◆ **WHAT IS BEING ASKED**
Return the listing in full and exactly, but without a single picture.

◆ **SUPPLIED DATA**
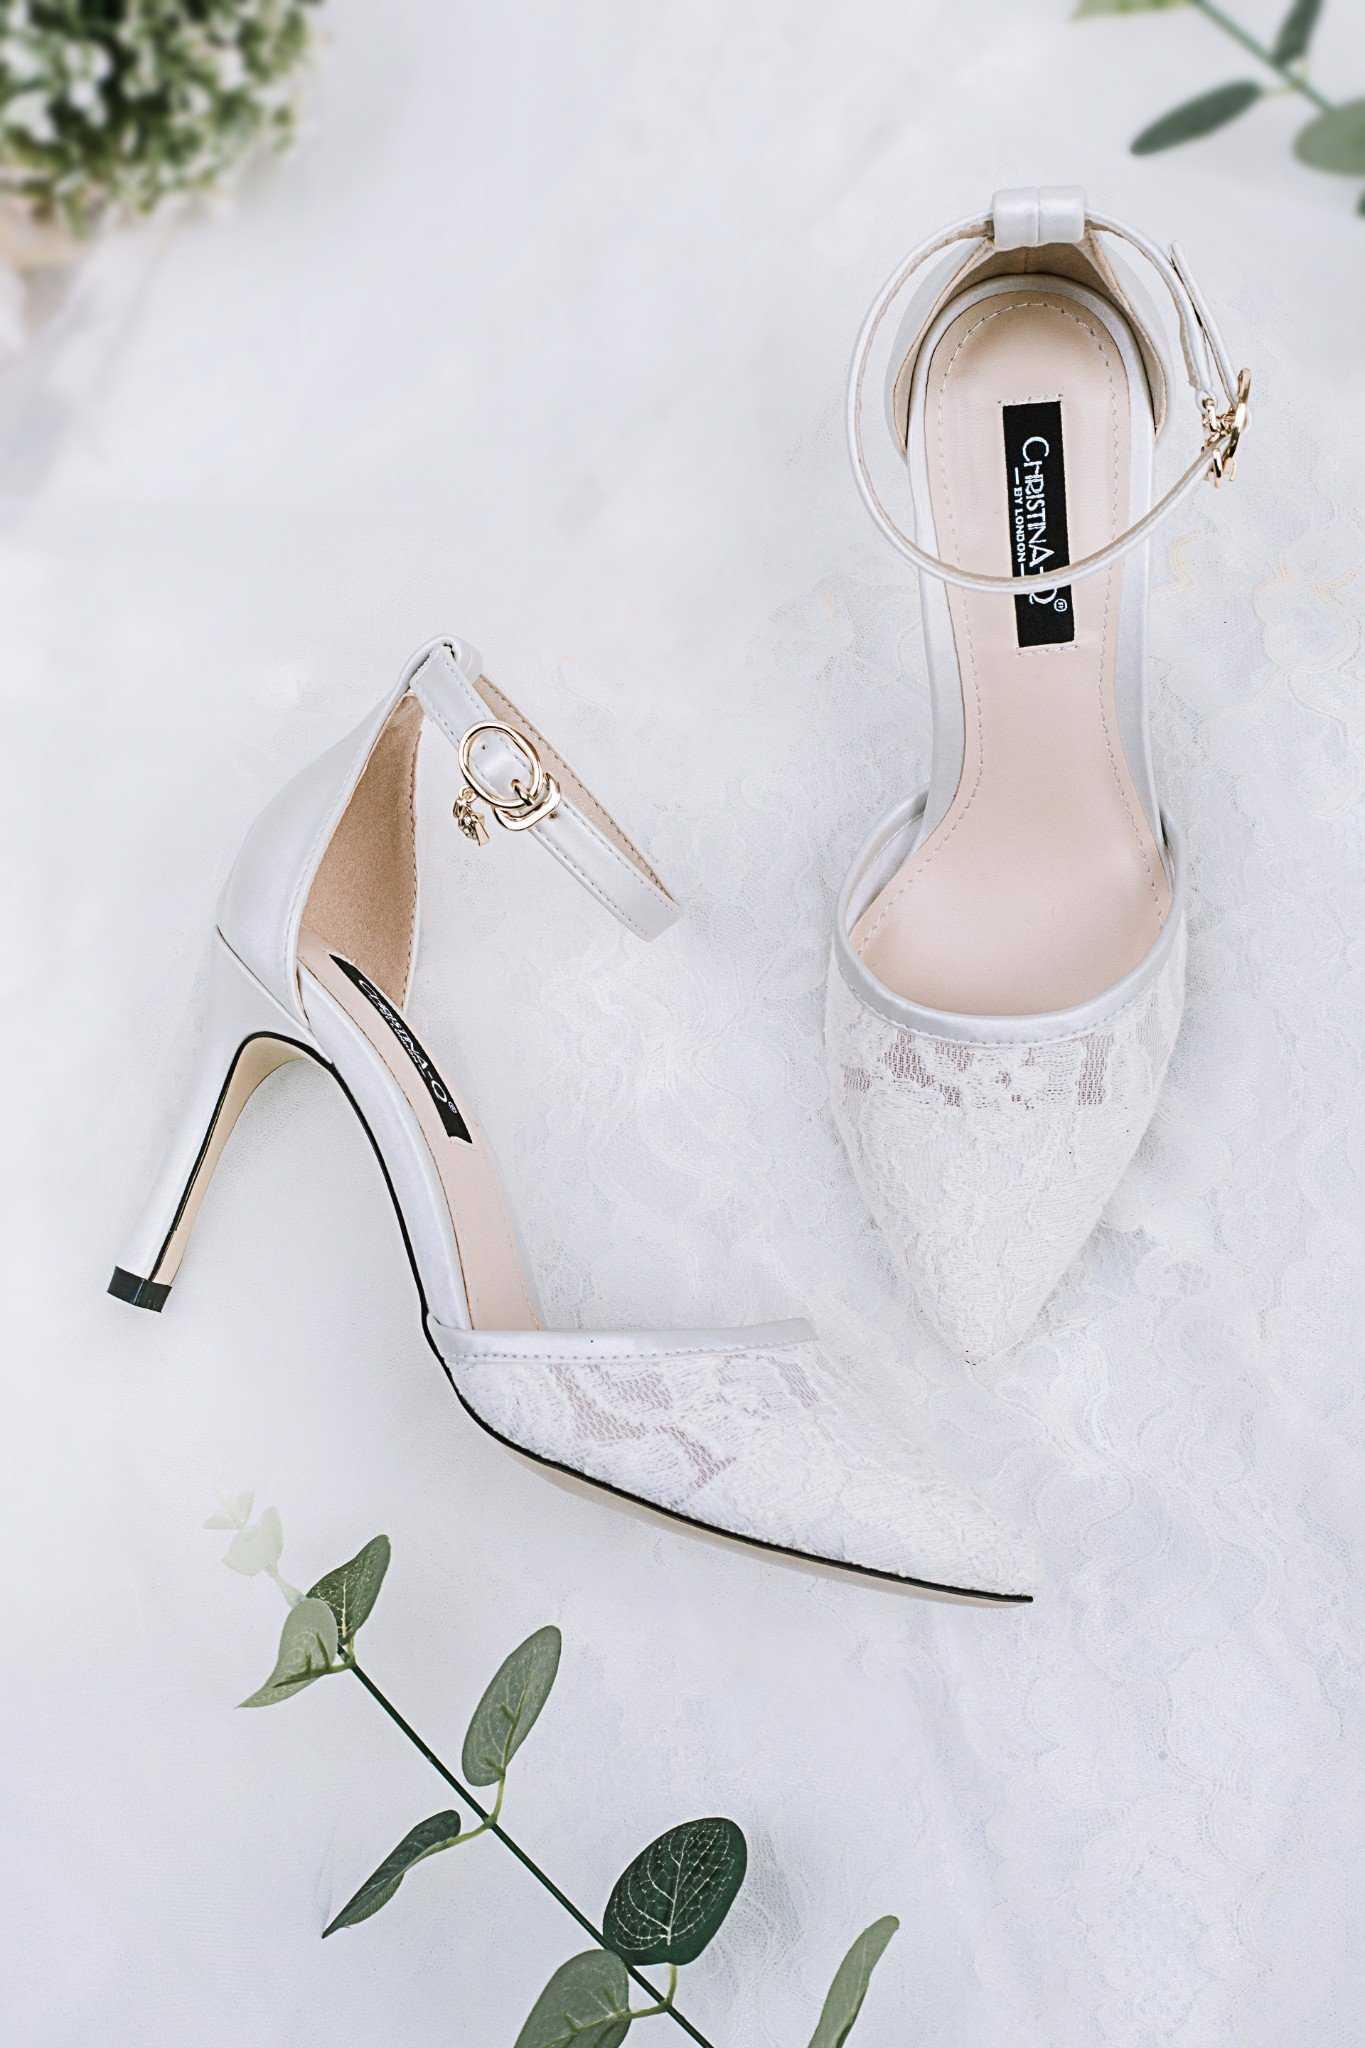 Giày cưới cho cô dâu - Top 99+ mẫu thiết kế đẹp lộng lẫy
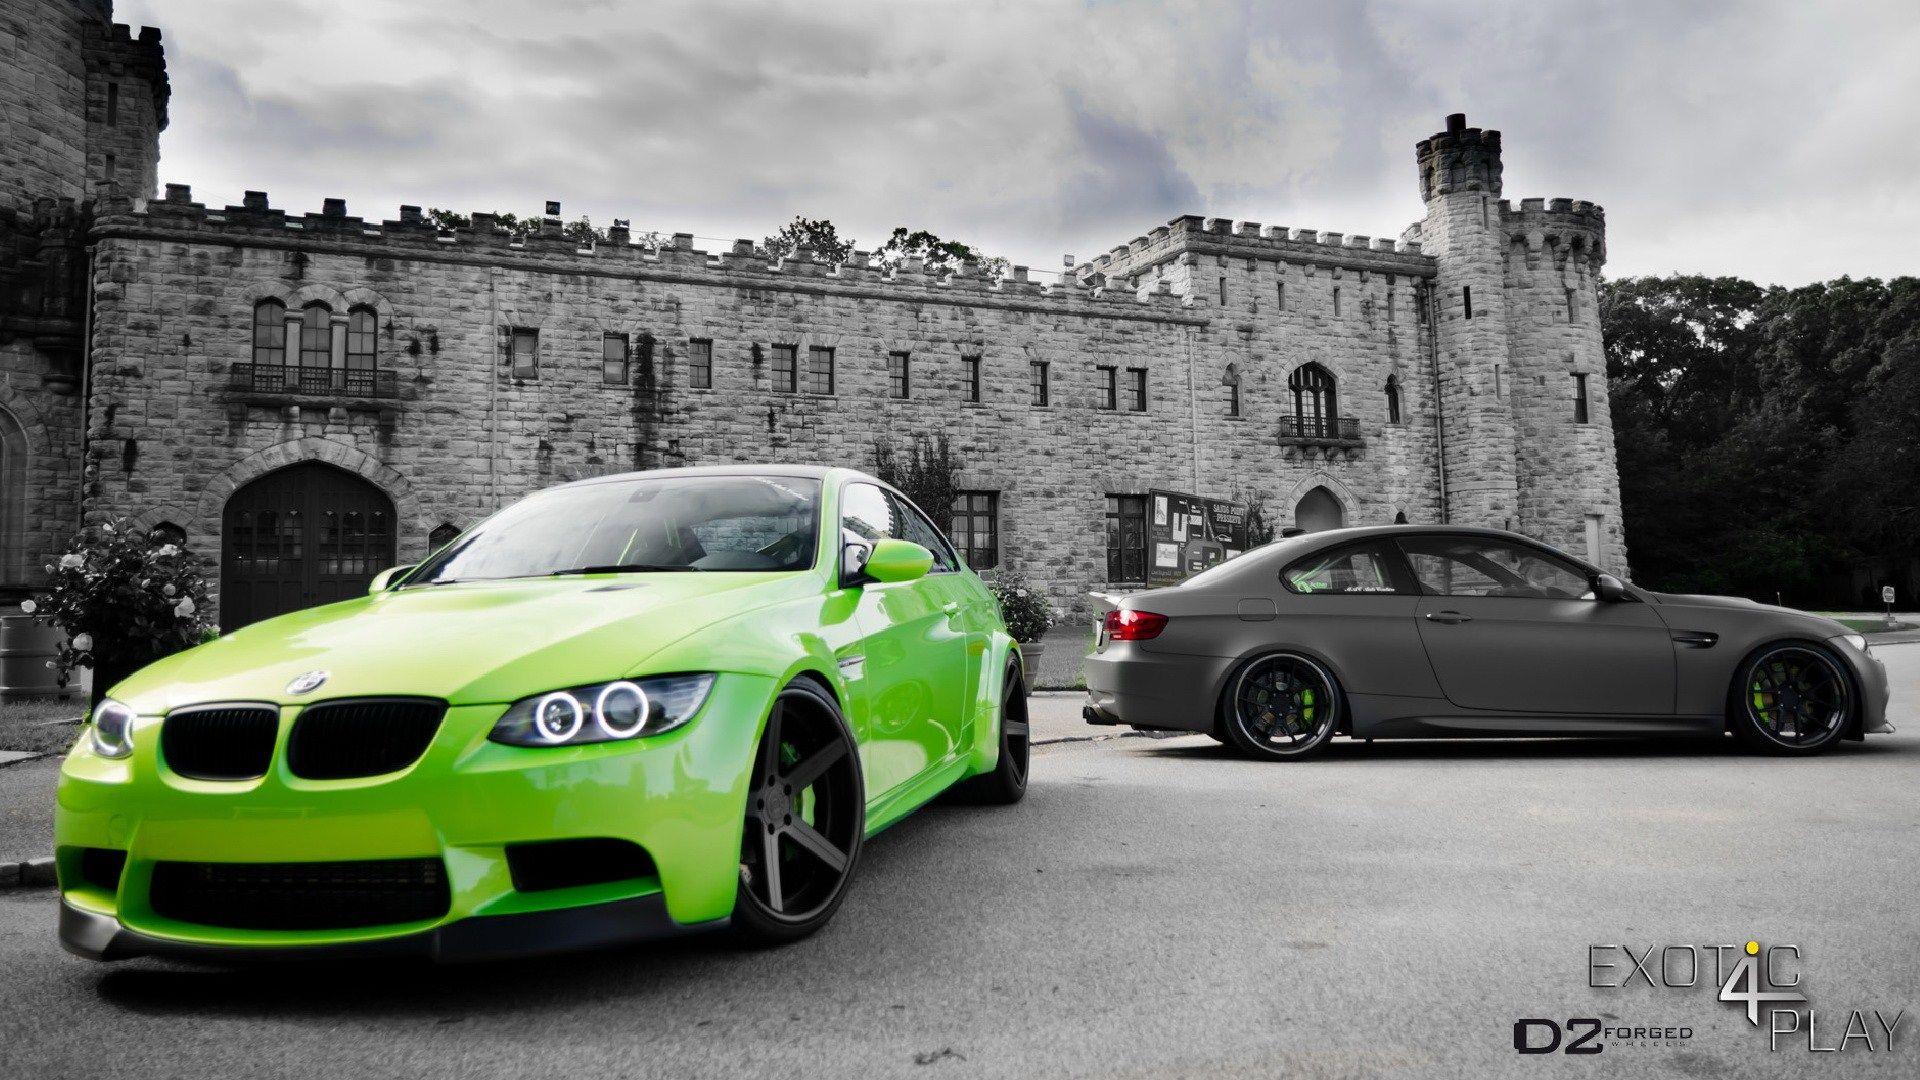 green vs. gray bmw m3 e92 castle original hd wallpaper
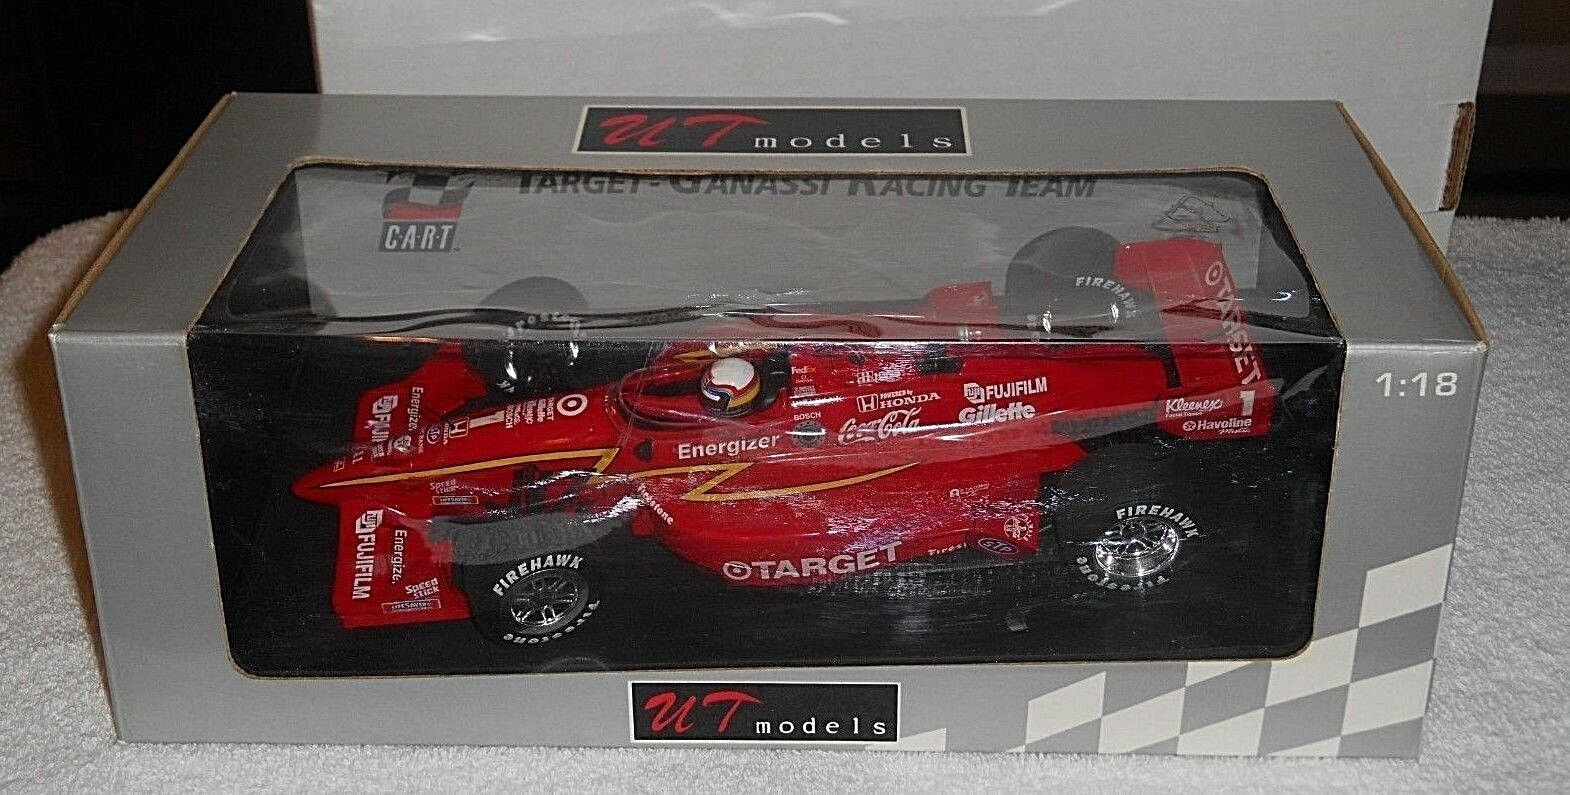 NIB 1998 UT Models  Target Ganssi Racing Racing Racing Team  Die-Cast Car (1 18 Scale) 787493

◆ **OUTPUT BELOW**
 Giày cưới cho cô dâu - Top 99+ mẫu thiết kế đẹp lộng lẫy
 green vs. gray bmw m3 e92 castle original hd wallpaper
 NIB 1998 UT Models  Target Ganssi Racing Racing Racing Team  Die-Cast Car (1 18 Scale) 787493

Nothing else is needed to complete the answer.